Records from a collection:

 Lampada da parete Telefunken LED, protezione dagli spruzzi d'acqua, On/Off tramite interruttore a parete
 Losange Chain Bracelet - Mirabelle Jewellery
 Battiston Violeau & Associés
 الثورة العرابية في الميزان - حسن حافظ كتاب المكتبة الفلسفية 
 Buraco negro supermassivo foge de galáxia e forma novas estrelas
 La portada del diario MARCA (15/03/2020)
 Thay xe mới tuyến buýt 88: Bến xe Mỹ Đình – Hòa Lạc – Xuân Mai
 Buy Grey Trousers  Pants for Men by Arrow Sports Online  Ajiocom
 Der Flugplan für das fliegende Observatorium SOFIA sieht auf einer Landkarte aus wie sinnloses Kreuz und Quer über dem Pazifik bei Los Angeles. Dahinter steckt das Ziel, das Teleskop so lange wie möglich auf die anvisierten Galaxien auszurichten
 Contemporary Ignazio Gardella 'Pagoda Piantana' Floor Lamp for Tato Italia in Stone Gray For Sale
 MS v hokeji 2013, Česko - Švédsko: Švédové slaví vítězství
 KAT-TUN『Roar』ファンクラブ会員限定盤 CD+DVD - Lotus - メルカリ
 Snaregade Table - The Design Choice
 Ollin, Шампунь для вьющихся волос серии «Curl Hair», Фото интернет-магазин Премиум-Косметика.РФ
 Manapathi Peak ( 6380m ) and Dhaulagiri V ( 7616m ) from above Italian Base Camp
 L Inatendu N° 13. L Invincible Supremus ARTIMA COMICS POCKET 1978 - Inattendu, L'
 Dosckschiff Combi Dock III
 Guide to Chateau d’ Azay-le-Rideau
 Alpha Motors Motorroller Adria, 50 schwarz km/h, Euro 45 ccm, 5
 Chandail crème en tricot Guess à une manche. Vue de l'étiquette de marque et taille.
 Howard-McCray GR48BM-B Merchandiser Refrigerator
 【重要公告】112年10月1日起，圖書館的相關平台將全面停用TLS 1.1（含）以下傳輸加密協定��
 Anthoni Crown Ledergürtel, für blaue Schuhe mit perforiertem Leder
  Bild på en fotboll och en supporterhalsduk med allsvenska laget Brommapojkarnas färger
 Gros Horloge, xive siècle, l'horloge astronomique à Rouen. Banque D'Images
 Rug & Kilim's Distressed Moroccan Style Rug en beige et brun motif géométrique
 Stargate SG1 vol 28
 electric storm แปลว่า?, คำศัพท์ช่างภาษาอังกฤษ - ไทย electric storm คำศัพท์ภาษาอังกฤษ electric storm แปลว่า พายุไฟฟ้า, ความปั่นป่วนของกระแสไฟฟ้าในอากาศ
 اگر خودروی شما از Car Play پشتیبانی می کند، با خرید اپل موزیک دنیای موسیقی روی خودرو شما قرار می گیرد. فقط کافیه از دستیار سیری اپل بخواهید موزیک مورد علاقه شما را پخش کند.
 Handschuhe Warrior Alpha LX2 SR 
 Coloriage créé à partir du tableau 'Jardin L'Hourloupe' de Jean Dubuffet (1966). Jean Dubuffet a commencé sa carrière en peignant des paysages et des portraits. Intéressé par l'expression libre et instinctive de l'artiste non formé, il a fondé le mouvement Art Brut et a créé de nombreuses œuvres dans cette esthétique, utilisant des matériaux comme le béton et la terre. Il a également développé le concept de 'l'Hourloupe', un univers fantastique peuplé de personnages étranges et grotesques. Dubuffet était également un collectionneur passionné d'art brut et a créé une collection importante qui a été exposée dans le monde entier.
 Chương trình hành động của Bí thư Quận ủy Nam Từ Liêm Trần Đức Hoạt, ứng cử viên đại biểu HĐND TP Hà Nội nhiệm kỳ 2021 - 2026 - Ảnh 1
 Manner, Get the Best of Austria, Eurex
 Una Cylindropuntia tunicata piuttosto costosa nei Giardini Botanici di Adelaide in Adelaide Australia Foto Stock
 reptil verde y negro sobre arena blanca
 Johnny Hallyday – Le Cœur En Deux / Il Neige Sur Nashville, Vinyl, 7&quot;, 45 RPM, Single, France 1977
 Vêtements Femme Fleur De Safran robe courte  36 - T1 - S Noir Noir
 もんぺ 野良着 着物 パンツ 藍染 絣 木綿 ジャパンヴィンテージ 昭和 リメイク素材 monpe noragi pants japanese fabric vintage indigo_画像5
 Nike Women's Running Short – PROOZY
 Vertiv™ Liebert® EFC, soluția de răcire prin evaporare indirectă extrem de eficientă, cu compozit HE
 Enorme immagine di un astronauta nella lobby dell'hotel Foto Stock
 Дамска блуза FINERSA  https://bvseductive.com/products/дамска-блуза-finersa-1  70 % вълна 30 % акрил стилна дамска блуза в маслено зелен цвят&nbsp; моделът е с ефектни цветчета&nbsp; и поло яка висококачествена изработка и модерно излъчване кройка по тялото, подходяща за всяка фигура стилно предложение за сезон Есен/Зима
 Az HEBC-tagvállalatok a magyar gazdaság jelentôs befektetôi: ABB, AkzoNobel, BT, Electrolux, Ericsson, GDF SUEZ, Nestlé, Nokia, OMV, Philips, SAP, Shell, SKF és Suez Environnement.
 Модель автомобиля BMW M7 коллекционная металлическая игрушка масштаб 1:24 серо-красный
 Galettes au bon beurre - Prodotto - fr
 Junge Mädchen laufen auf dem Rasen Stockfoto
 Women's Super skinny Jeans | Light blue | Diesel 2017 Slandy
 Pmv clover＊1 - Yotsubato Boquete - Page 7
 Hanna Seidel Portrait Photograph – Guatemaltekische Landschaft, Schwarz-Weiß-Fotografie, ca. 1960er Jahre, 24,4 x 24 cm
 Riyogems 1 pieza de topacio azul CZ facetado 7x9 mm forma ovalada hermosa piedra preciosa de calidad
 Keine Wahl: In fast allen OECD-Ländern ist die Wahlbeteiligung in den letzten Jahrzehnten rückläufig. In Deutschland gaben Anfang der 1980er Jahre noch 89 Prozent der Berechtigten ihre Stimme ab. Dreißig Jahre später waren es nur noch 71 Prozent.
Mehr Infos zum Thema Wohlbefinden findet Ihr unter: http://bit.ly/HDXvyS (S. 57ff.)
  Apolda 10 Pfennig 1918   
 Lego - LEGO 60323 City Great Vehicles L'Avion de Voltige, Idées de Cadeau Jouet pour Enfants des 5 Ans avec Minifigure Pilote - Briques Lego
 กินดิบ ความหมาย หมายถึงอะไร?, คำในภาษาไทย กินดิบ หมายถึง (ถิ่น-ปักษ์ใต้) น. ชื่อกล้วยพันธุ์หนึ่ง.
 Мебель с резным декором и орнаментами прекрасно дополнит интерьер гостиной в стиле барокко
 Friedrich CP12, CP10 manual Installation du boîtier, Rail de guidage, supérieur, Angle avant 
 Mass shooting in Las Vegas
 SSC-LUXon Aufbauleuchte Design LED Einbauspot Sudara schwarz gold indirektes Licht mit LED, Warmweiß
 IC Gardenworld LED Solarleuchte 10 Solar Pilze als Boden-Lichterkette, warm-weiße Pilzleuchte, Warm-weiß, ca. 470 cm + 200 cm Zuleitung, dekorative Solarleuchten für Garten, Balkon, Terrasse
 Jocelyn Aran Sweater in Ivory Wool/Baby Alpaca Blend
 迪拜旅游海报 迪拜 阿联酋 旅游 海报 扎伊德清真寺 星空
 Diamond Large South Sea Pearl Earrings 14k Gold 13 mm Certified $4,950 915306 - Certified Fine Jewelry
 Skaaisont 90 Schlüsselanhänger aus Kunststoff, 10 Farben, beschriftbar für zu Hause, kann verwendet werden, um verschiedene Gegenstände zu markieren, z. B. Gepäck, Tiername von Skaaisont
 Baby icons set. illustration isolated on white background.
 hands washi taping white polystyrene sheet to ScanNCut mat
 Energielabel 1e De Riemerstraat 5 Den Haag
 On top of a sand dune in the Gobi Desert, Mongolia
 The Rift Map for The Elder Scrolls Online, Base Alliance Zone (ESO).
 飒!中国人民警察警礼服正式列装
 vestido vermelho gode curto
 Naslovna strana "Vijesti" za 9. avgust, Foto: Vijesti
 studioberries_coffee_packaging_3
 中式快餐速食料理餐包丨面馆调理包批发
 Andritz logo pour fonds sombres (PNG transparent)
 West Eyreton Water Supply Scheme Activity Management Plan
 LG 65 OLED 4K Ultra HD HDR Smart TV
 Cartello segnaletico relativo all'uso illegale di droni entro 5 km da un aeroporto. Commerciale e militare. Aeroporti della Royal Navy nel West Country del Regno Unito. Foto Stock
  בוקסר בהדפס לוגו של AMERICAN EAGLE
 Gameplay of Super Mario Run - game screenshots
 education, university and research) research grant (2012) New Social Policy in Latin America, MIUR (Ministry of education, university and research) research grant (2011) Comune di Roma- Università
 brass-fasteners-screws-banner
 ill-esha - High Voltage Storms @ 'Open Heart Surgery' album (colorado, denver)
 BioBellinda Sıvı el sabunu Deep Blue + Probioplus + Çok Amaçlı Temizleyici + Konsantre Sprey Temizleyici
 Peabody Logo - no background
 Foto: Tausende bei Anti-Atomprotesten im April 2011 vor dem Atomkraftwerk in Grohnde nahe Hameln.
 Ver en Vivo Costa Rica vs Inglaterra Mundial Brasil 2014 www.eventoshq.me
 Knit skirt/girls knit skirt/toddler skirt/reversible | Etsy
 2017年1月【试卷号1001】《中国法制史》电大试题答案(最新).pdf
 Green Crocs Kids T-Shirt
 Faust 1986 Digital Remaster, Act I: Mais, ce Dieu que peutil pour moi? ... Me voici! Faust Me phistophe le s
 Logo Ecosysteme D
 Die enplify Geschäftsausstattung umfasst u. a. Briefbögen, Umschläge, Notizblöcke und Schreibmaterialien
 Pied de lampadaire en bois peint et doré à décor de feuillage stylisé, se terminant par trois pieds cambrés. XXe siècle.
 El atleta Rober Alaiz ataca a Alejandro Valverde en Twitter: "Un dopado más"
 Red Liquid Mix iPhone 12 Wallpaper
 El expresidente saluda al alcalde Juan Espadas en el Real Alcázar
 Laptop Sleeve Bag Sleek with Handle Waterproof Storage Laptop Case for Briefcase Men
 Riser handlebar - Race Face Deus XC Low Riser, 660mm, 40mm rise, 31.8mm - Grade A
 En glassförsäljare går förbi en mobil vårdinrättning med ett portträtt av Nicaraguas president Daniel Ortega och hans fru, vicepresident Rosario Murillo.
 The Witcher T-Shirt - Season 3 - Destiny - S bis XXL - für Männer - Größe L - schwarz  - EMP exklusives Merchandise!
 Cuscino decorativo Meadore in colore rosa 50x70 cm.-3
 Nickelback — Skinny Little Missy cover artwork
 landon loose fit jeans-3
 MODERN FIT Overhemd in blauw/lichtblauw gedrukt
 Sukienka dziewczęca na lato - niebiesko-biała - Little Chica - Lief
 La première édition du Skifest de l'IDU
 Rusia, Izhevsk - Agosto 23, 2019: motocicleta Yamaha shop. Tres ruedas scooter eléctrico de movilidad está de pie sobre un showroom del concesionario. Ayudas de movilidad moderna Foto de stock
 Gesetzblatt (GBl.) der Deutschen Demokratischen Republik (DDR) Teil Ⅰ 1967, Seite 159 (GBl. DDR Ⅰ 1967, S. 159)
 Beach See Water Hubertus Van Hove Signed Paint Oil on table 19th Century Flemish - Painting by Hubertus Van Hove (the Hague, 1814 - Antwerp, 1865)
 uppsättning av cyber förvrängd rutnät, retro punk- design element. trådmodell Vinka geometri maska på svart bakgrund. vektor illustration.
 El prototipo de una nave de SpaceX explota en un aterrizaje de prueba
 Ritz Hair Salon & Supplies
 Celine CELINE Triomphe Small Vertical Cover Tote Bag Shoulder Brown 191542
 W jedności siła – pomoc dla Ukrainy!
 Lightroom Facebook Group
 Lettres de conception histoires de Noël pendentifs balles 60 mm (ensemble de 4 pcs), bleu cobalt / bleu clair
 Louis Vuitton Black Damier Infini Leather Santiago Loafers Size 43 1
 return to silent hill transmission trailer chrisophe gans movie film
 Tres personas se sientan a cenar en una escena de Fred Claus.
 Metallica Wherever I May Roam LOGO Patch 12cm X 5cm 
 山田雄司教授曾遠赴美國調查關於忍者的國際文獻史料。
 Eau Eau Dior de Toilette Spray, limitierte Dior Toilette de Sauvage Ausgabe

Prompt: For this exercise, output exactly the lines above from the line with "The Rift Map" to the line with "中式快餐速食料理餐包丨面馆调理包批发", counting both, and leave out the rest.

Exercise output:
 The Rift Map for The Elder Scrolls Online, Base Alliance Zone (ESO).
 飒!中国人民警察警礼服正式列装
 vestido vermelho gode curto
 Naslovna strana "Vijesti" za 9. avgust, Foto: Vijesti
 studioberries_coffee_packaging_3
 中式快餐速食料理餐包丨面馆调理包批发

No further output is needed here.